> **TASK ITEM**:
Transcribe all data verbatim. Skip the pictures.

> **DATA EXCERPT**:
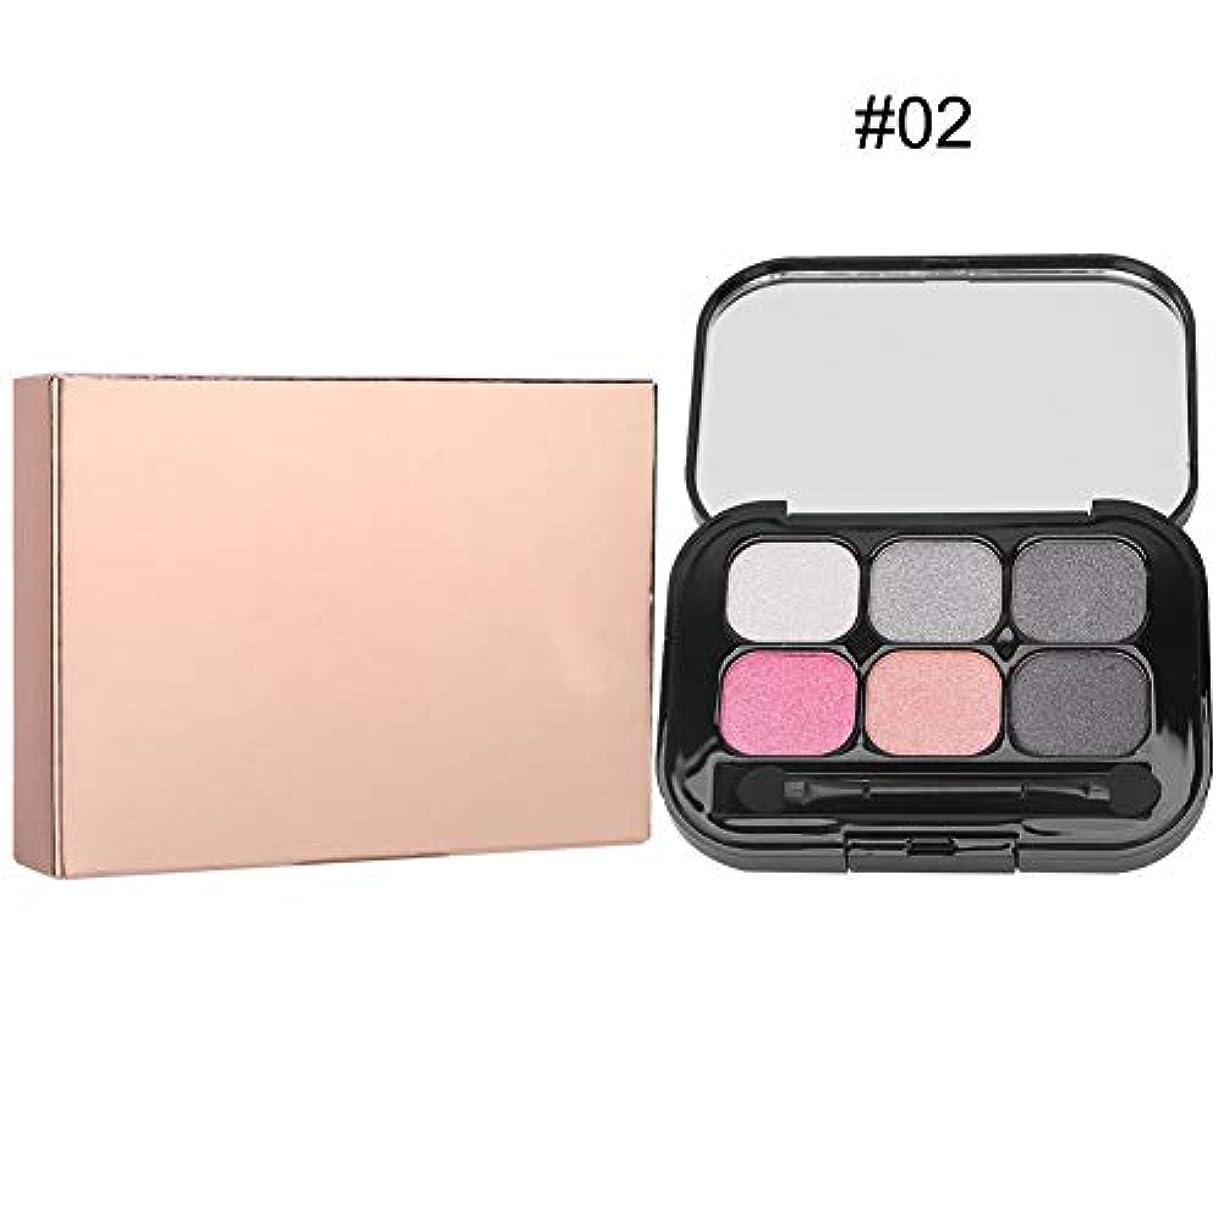 権利を与えるマイクロそれにもかかわらず16色 アイシャドウパレット アイシャドウパレット 化粧マット グロス アイシャドウパウダー 化粧品ツール (02)
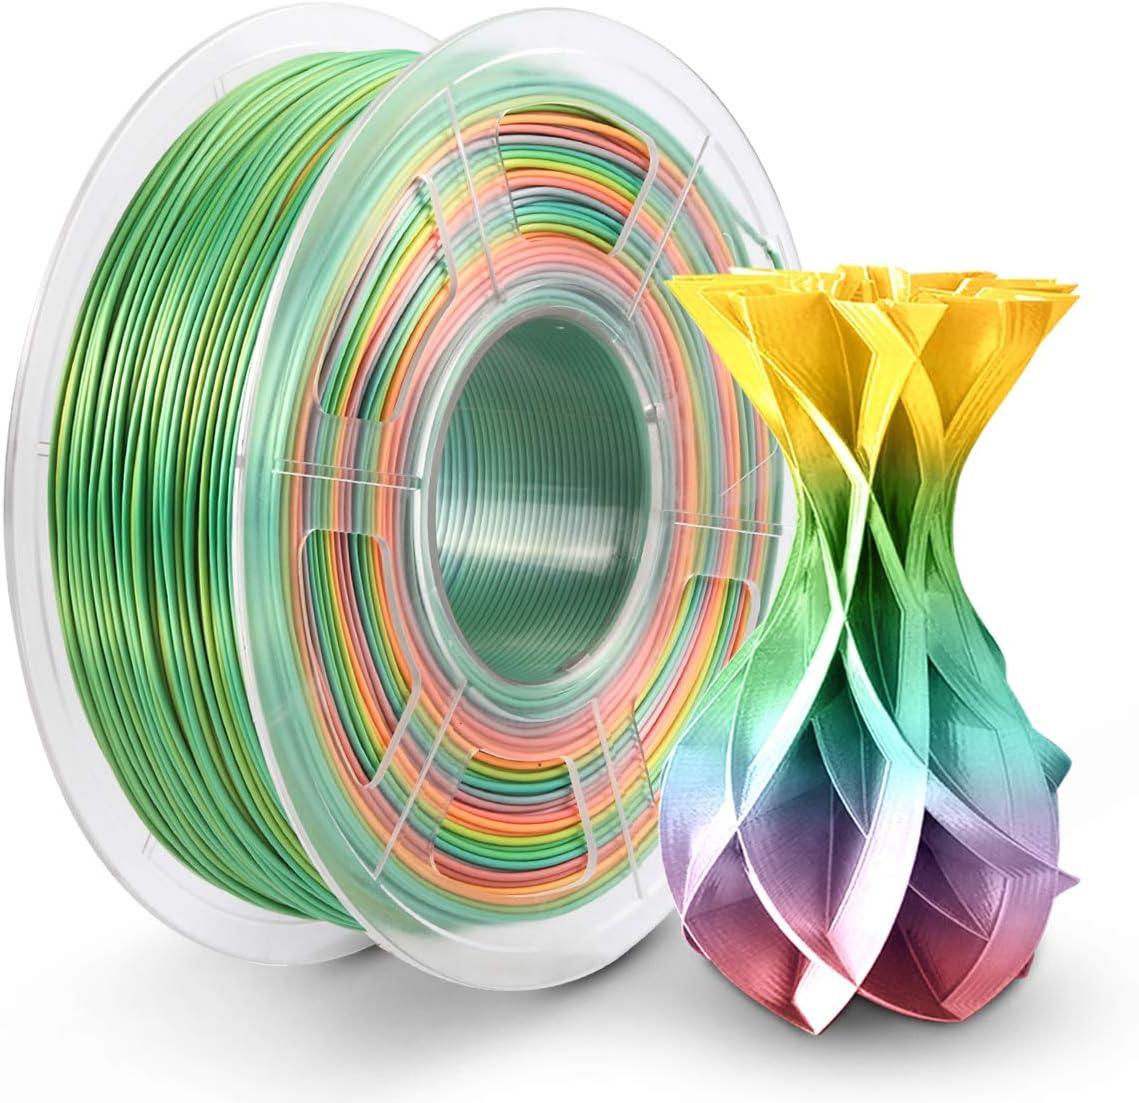 PLA Rainbow Filament 1.75mm, PLA Silk Filament Imprimante 3D 1KG Brilliant Multicolore Arc Ciel Effetr Soie
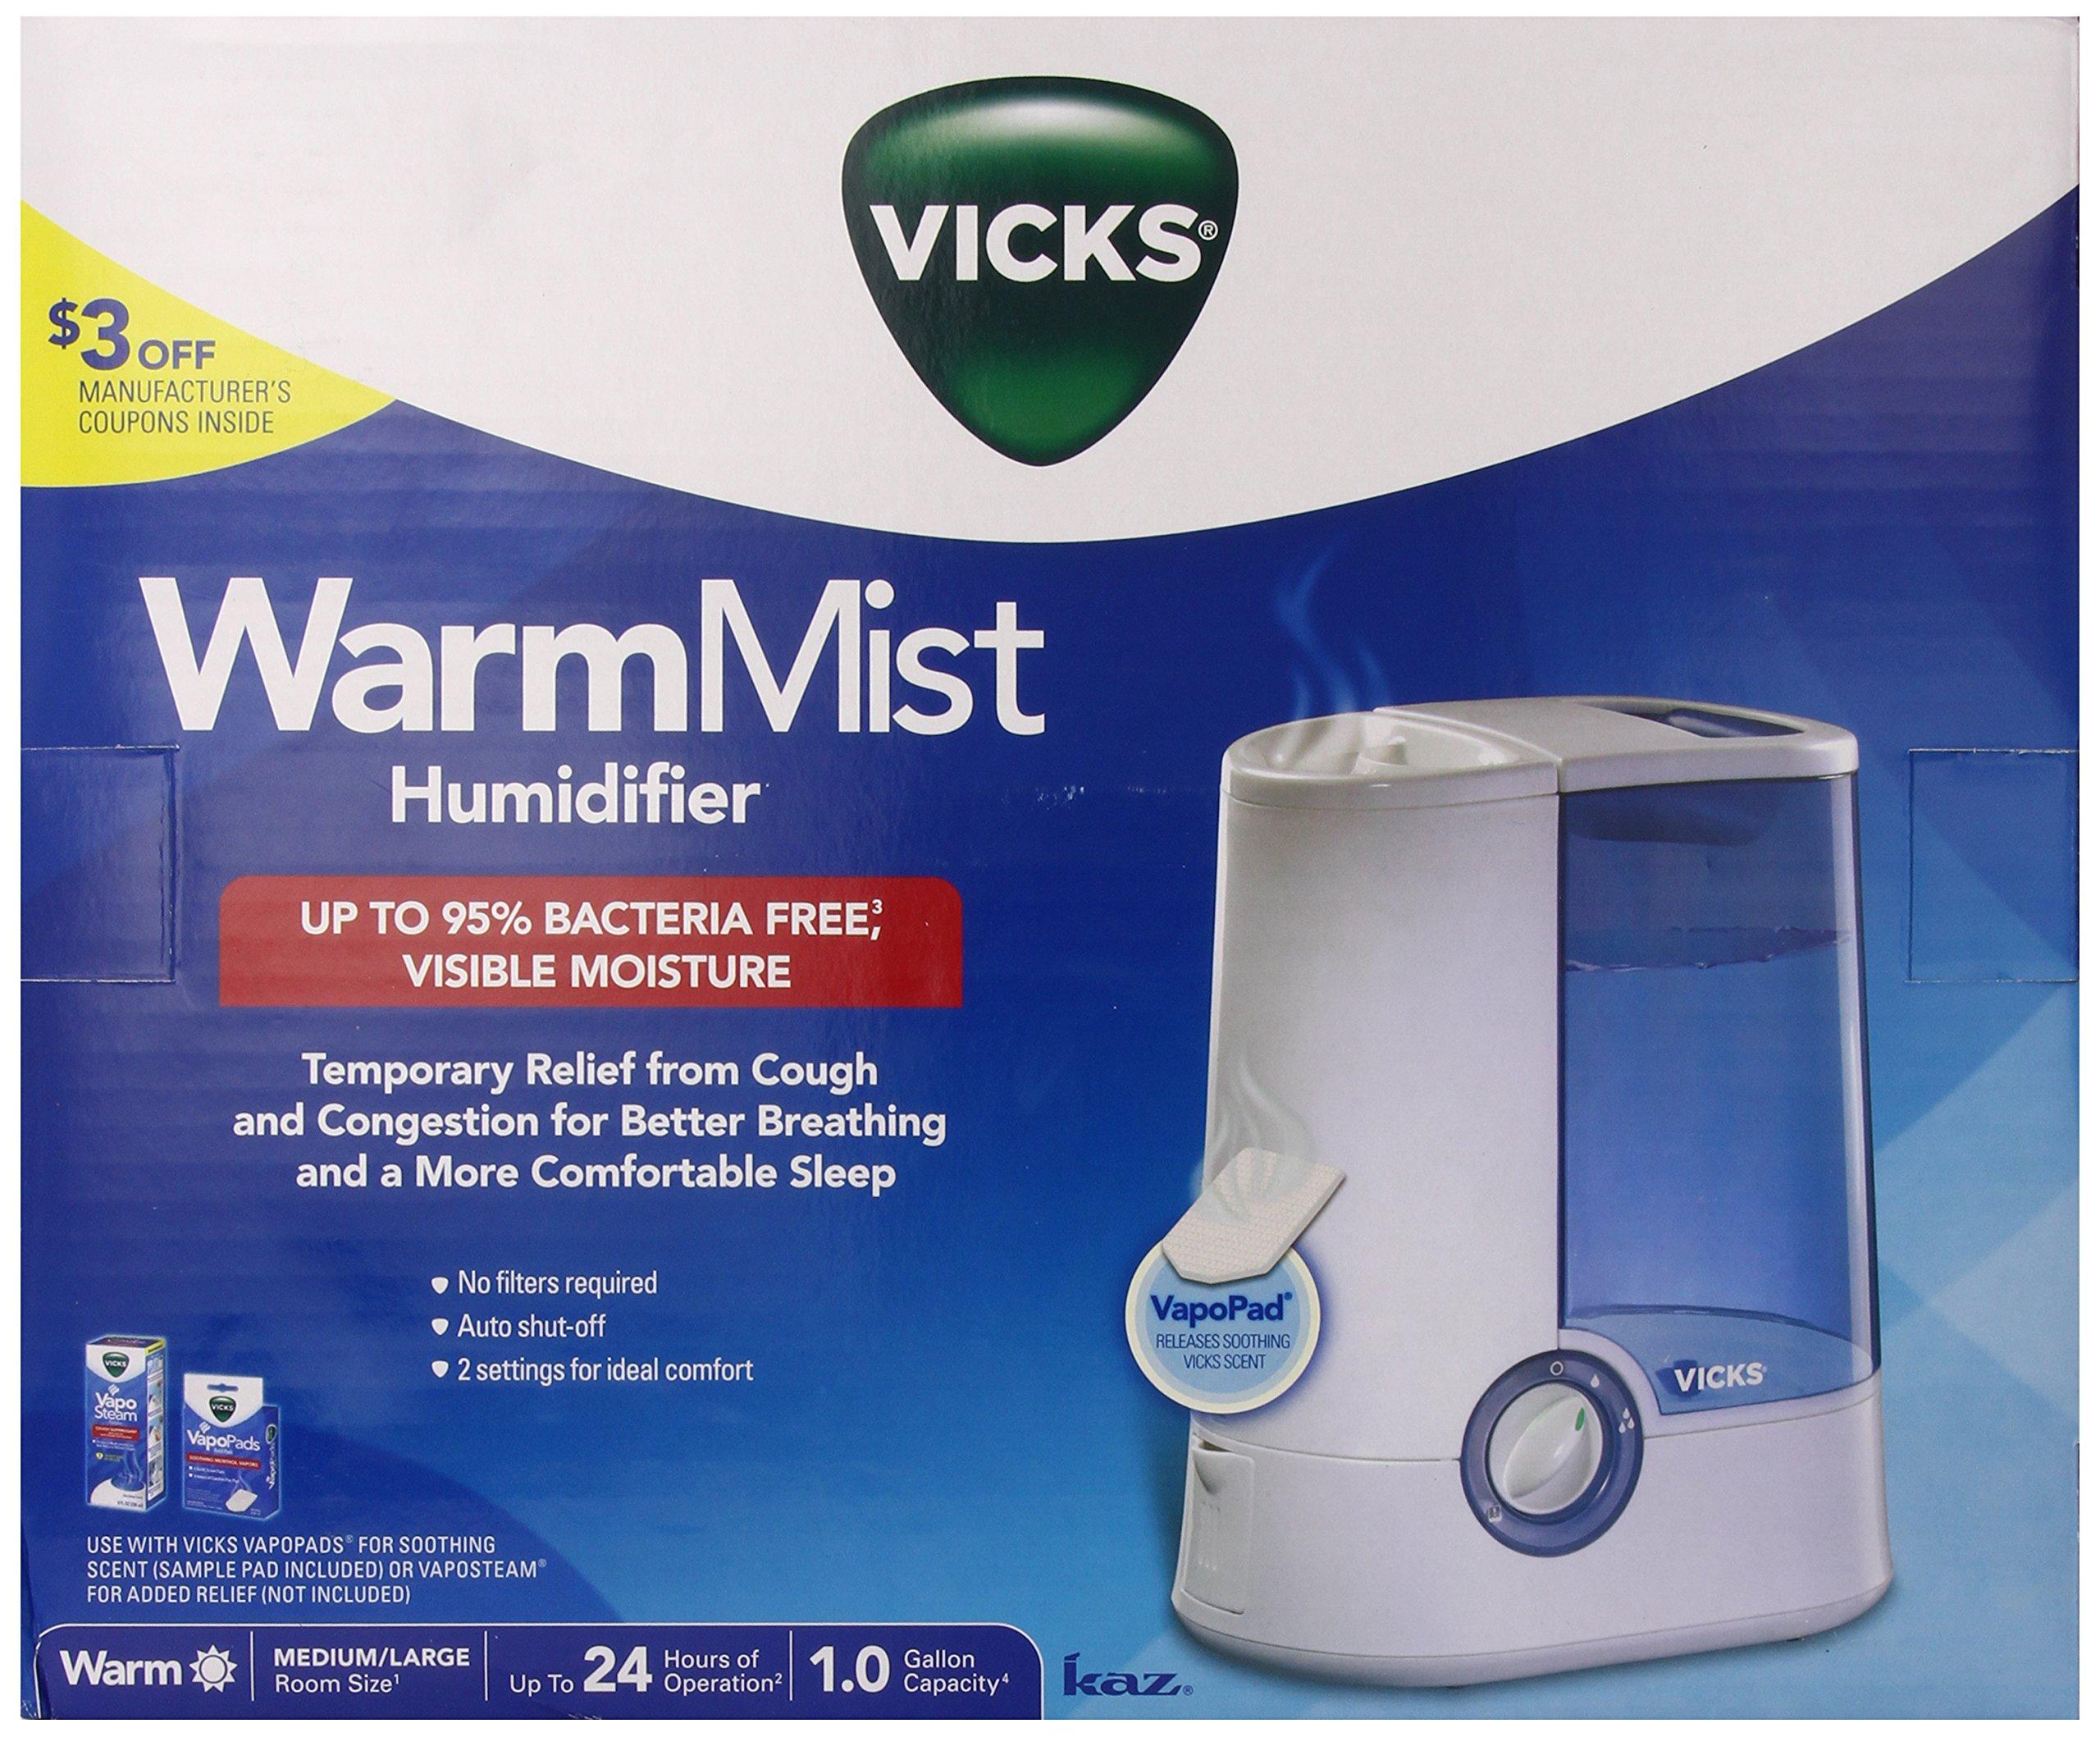 Vicks mist humidifier instructions
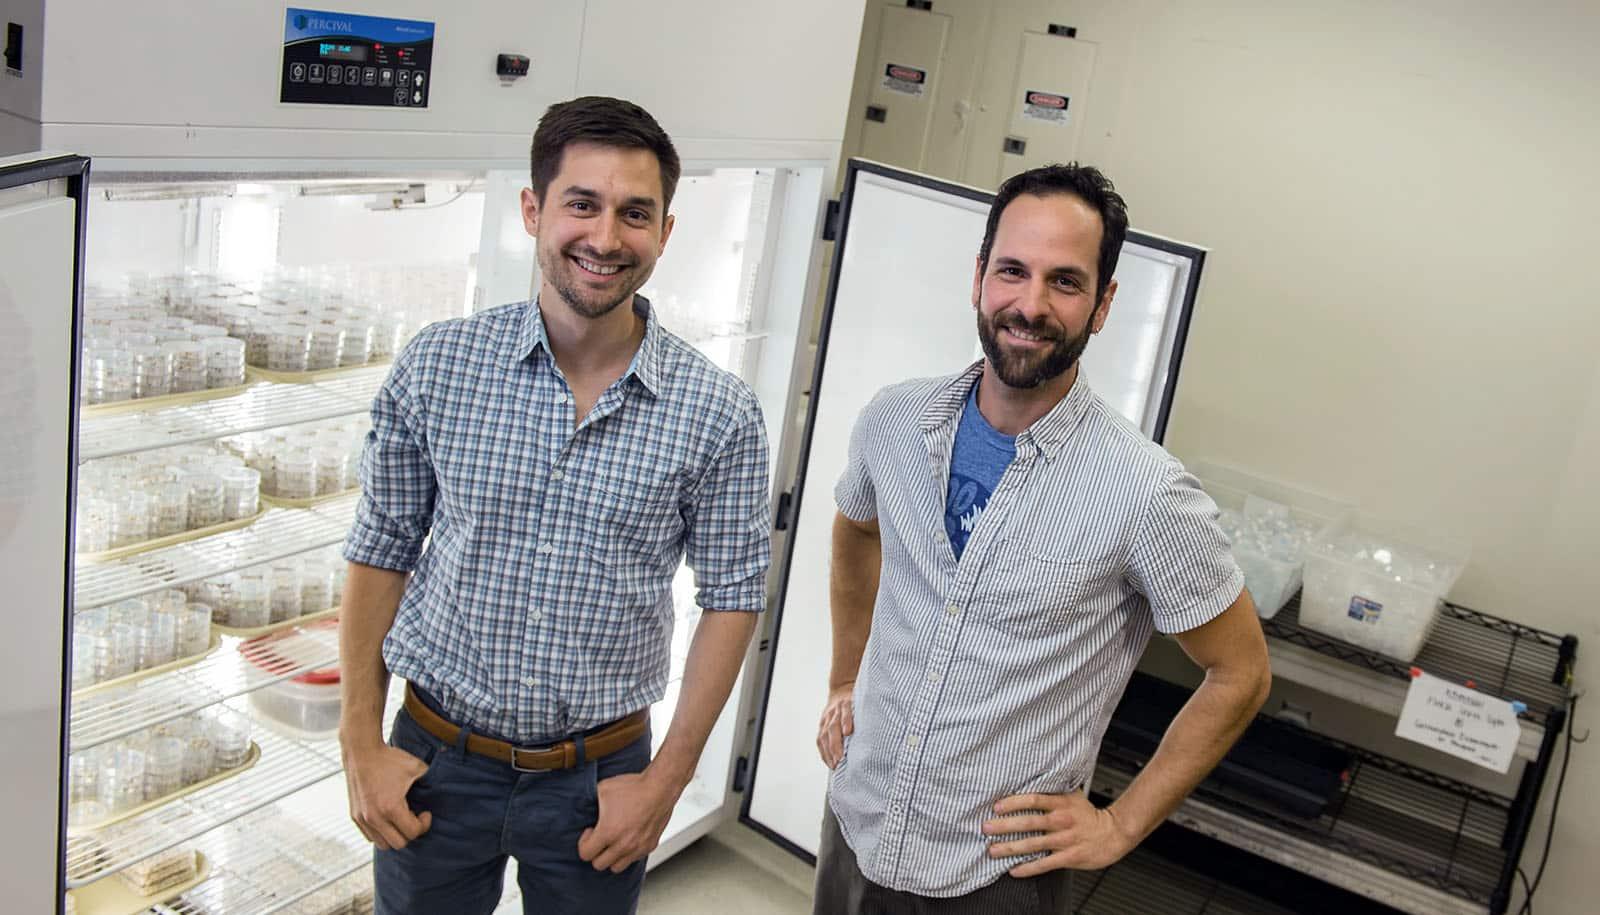 Brad Ochocki, left, and Tom Miller

> **RESPONSE FOR THIS EXERCISE**:
 権利を与えるマイクロそれにもかかわらず16色 アイシャドウパレット アイシャドウパレット 化粧マット グロス アイシャドウパウダー 化粧品ツール (02)
 PLA Rainbow Filament 1.75mm, PLA Silk Filament Imprimante 3D 1KG Brilliant Multicolore Arc Ciel Effetr Soie
 Vicks mist humidifier instructions
 Brad Ochocki, left, and Tom Miller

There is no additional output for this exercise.